[[ COLLECTED DATA open ]]

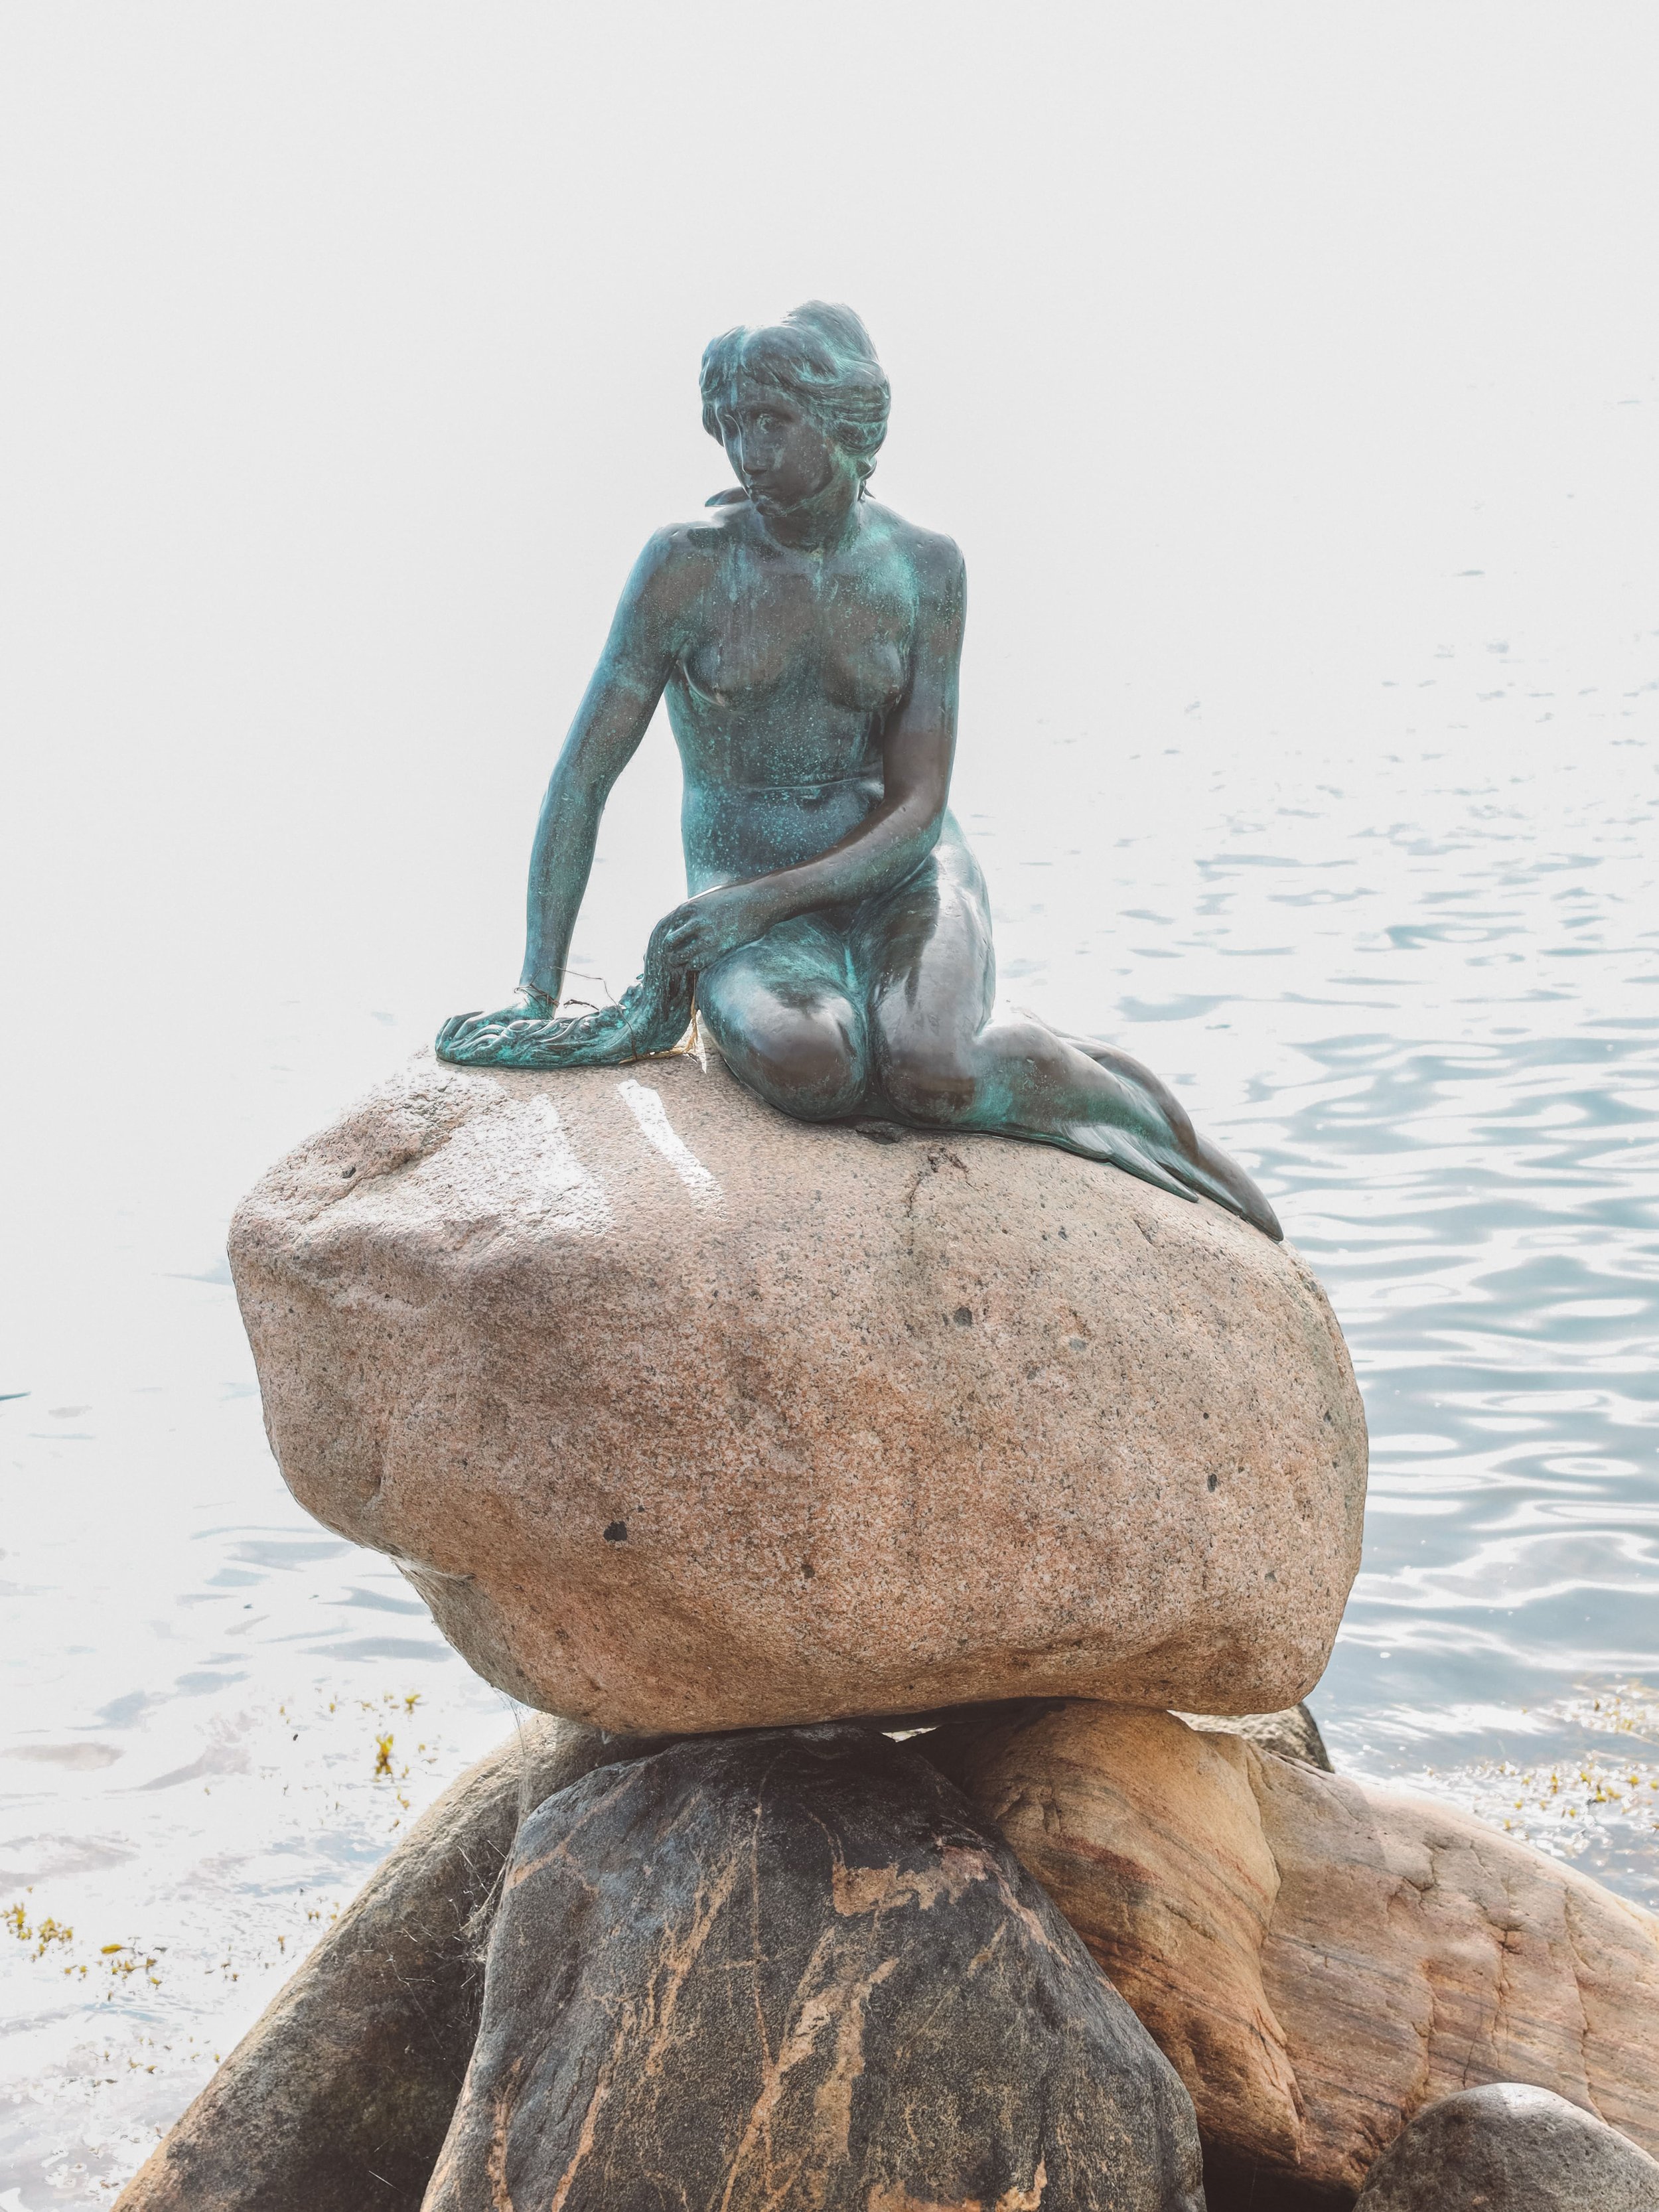 Close up - The Little Mermaid - Copenhagen - Denmark
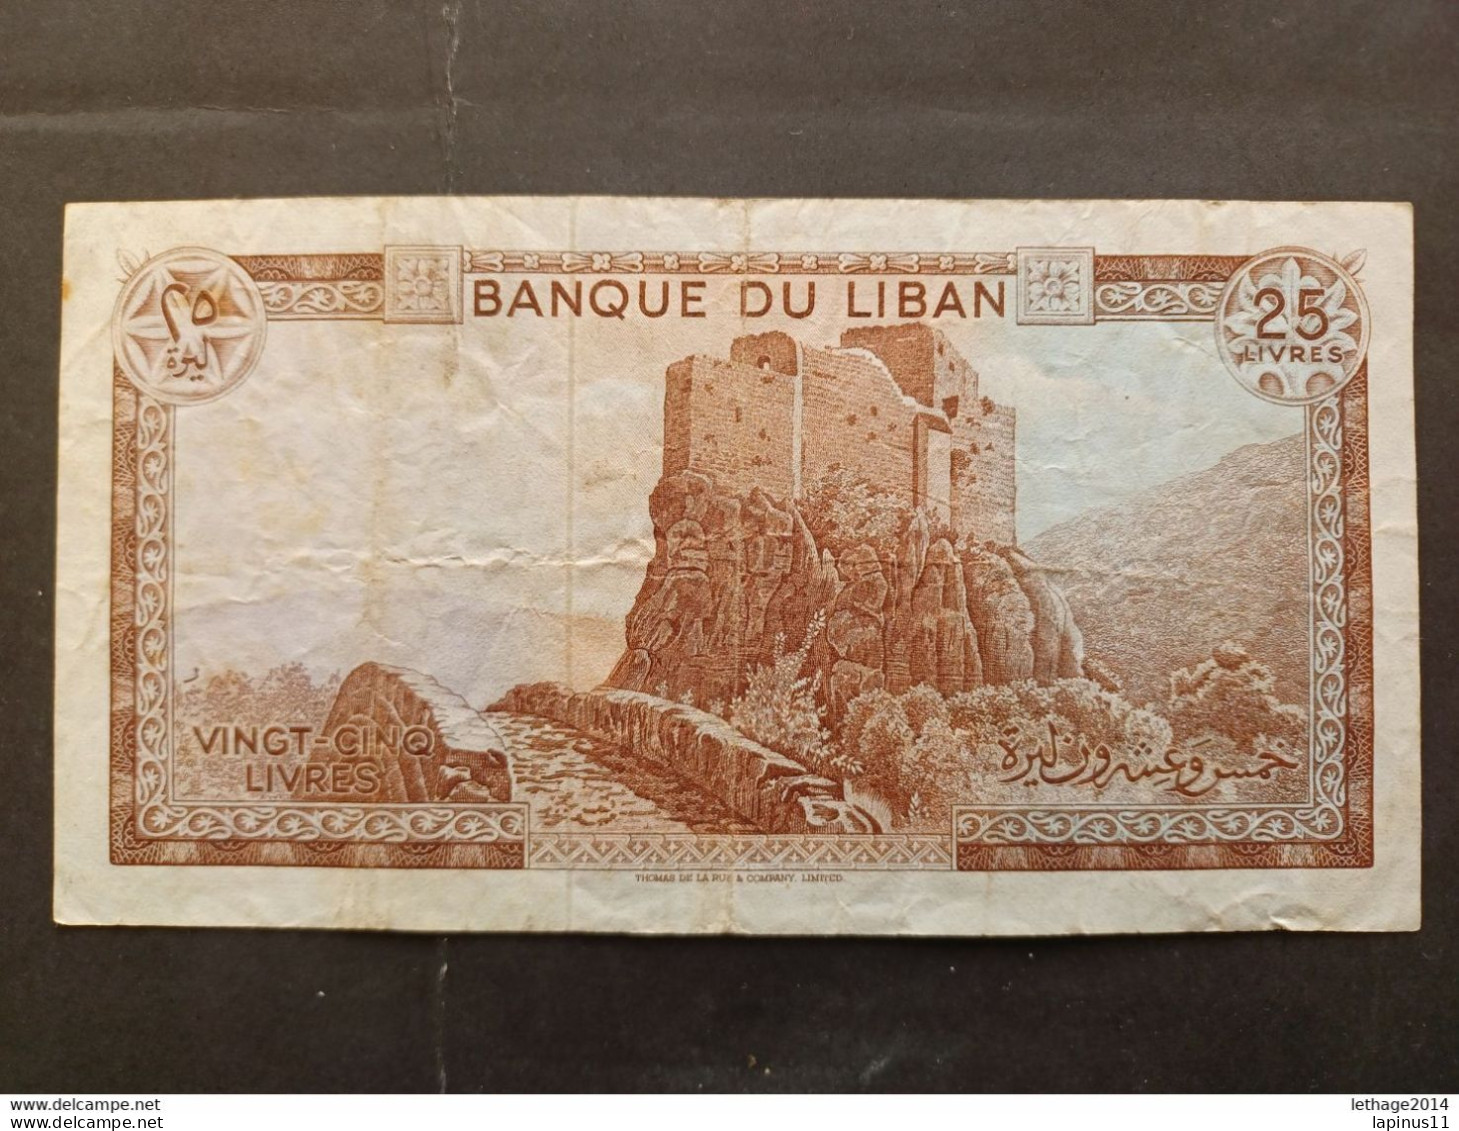 BANKNOTE LEBANON لبنان LIBAN 6x25 LIVRES 1974 CIRCULATED GOOD CONDITION - Lebanon
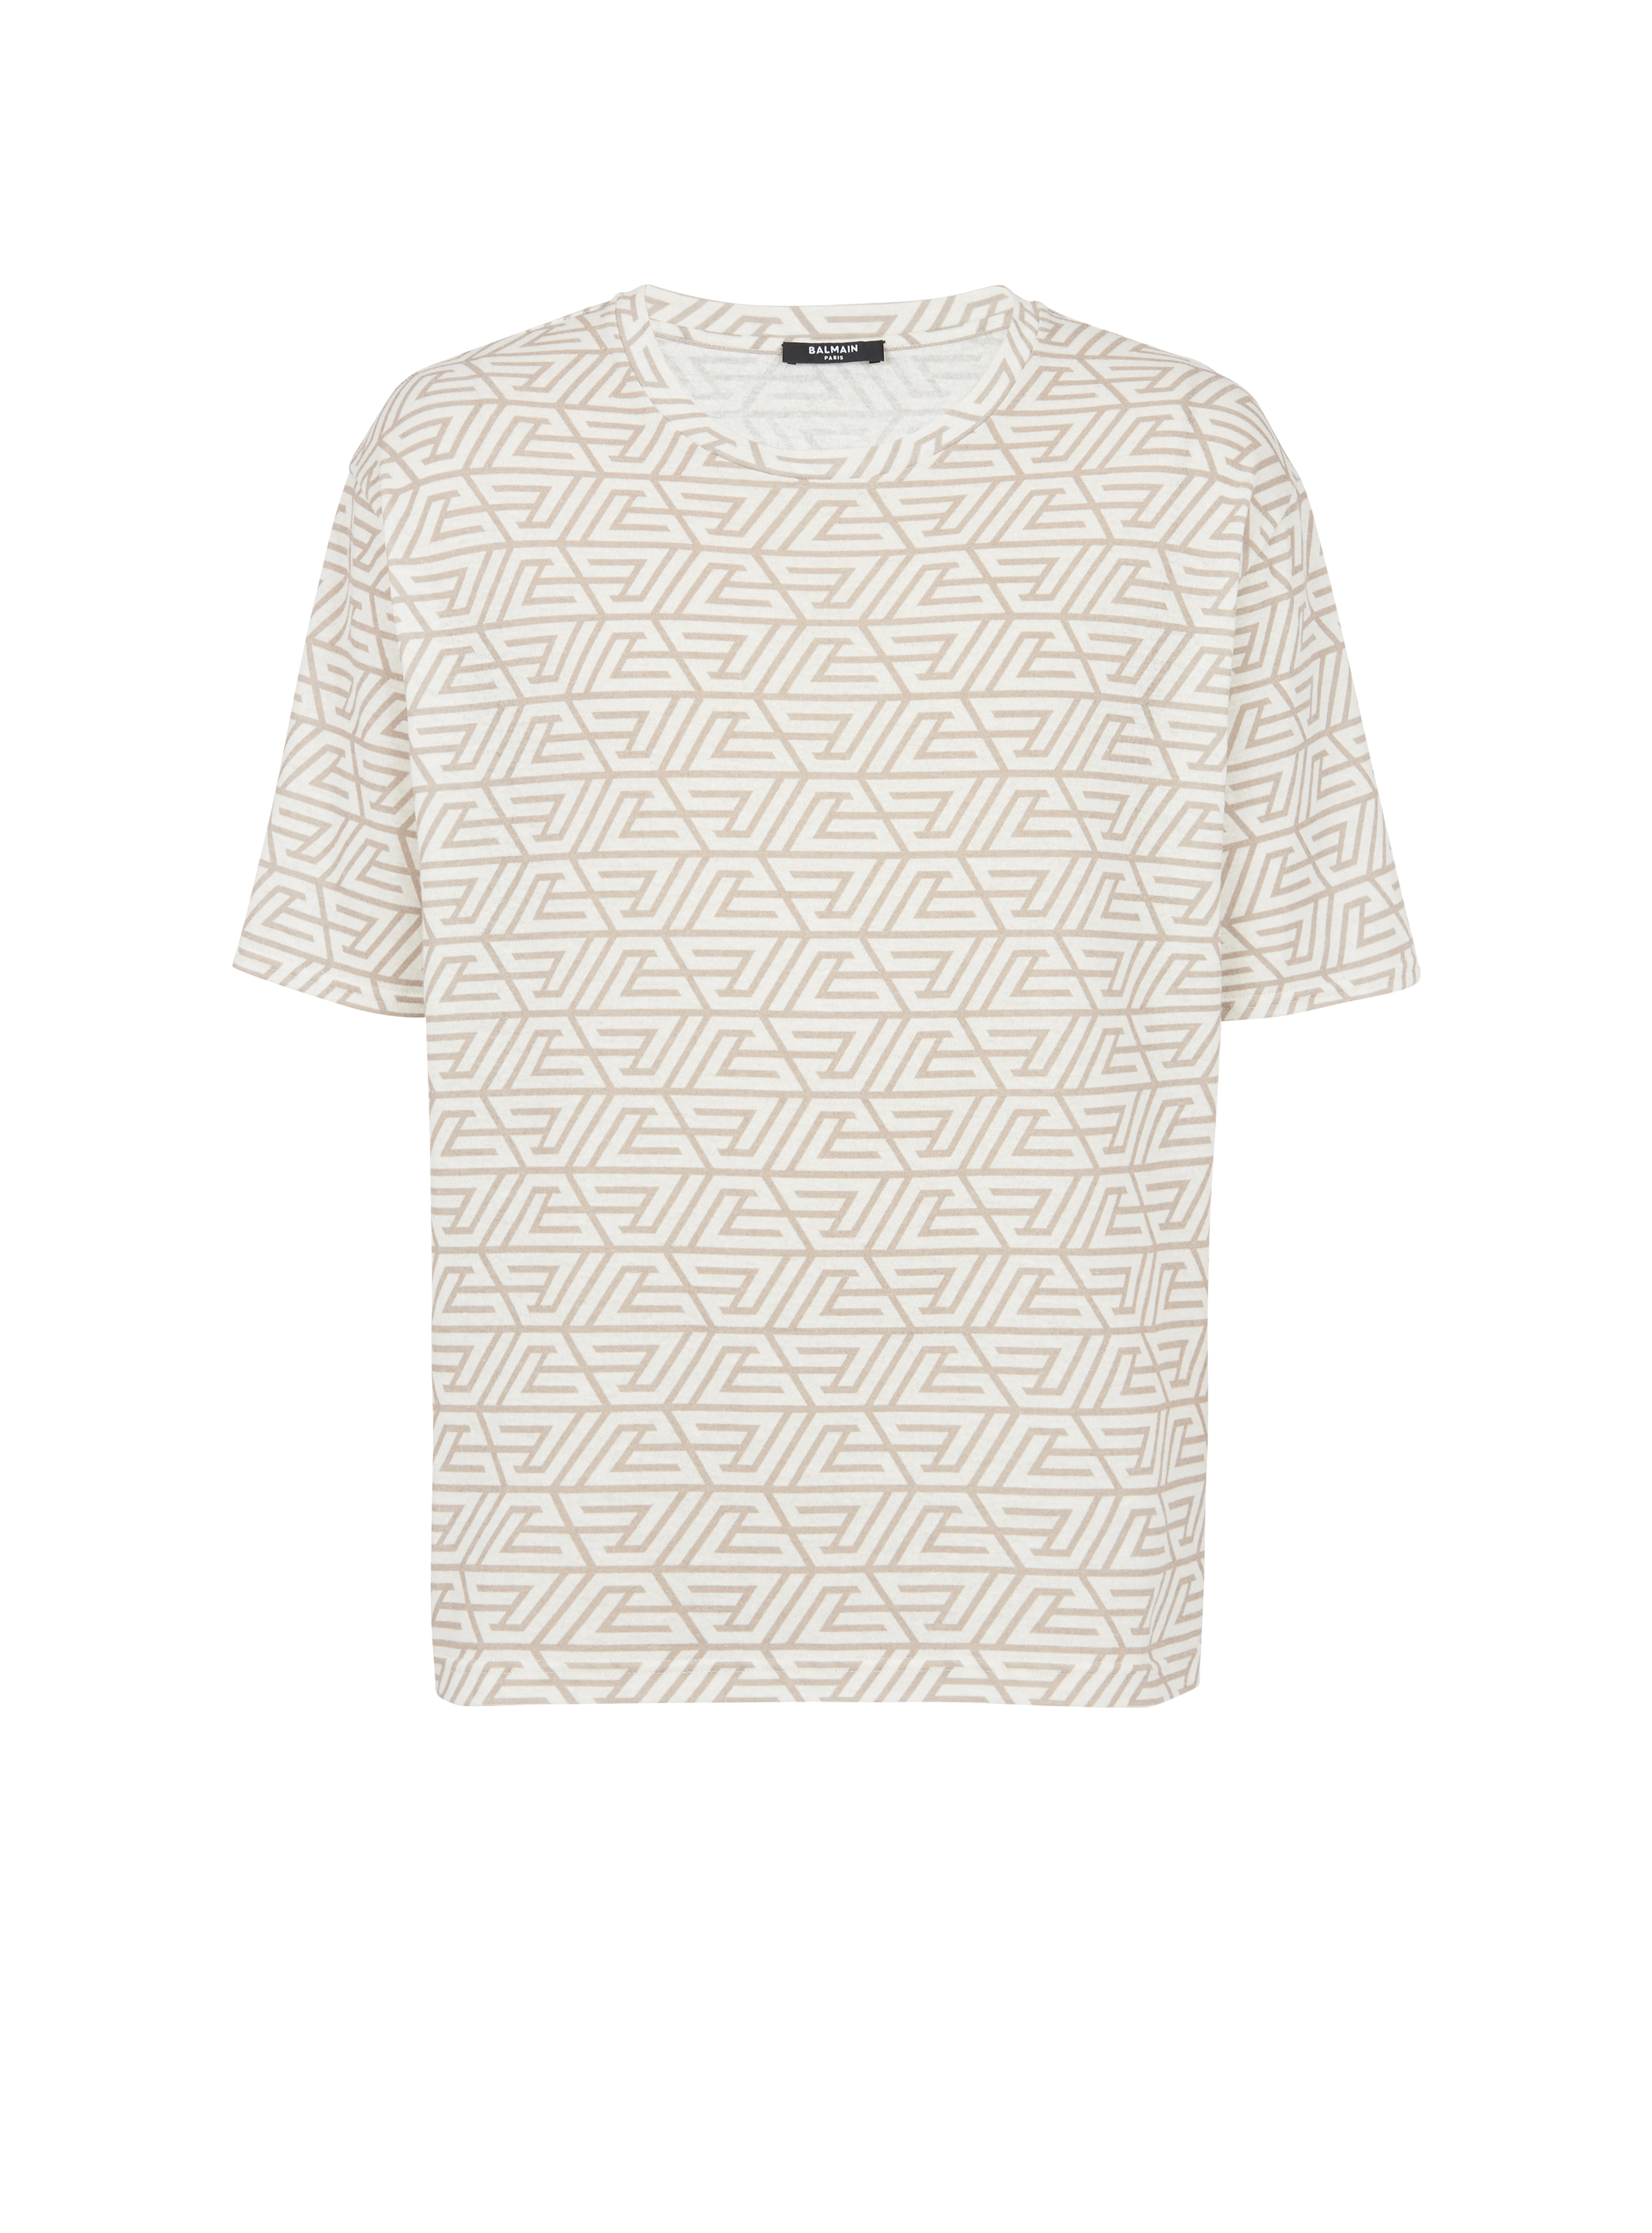 Cotton T-shirt with printed pyramid monogram, khaki

[[ COLLECTED DATA closed ]]

**EXERCISE REQUIREMENTS:** Line for line, retype the material exactly, omitting any pictures.

**EXERCISE RESULT:**
 Close up - The Little Mermaid - Copenhagen - Denmark
 BANKNOTE LEBANON لبنان LIBAN 6x25 LIVRES 1974 CIRCULATED GOOD CONDITION - Lebanon
 Cotton T-shirt with printed pyramid monogram, khaki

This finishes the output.